Multi-language processing for JSONL files

There is a variant, provided by the [pii-process-jsonl] script. This one assumes that the format is in JSONL format (a series of lines, each one containing a full JSON document), and that each document may be in a different language. Provided the languages are supported by the packages, it can generate an output JSONL file with the desired transformations on the PII instances detected.

2. Full process

The whole workflow is structured around a set of Python libraries, which coordinate to perform the whole process. Here we comment some of the stages.

2.1. Detect

  • The minimum package installation requirement for PII detection is pii-extract-base (which will also install pii-data).
  • However this package does not contain any detectors. Installing a plugin will include detectors. Three plugins are available:

The base detection package installs a pii-detect command-line script. The script can only process documents in serialized SourceDocument format (a YAML o JSON format containing the document split in chunks). It will output a PiiCollection: a JSON file containing all PII instances detected.

The package also installs a pii-task-info script that can be used to query the currently installed capabilities, in terms of locally available plugins, languages and tasks.

2.2. Preprocess

In order to process documents in different formats than YAML or JSON, install the pii-preprocess package.
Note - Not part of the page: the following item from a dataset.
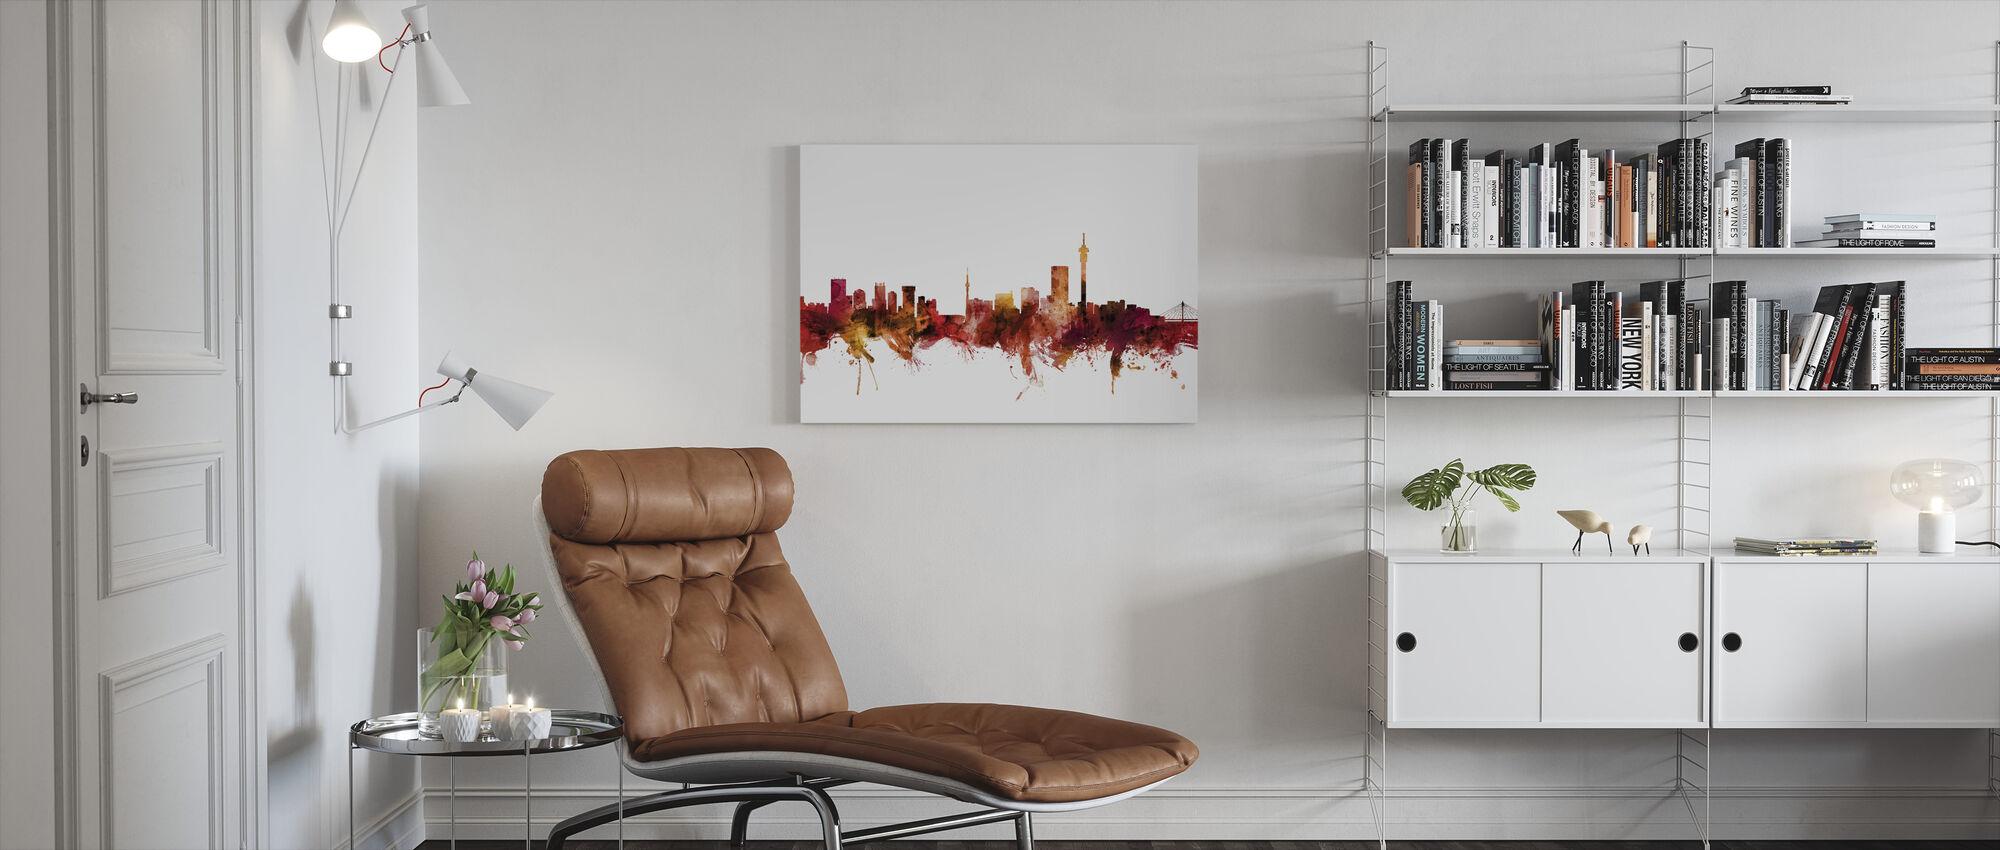 Johannesburg South Africa Skyline - Canvas print - Living Room

This will add a pii-preprocess command-line script that can read documents in some other formats and convert them to YAML Source Documents, hence allowing its processing by pii-detect.

The current supported formats are: plain text files (with different options on how to split the document in chunks), Microsoft Word files and CSV files. Future versions, or plugins, will add more formats.

2.3. Transform

The pii-transform package can read a PiiCollection and use it to modify a SourceDocument, replacing PII occurrences with a different string, according to a set of possible substitution policies.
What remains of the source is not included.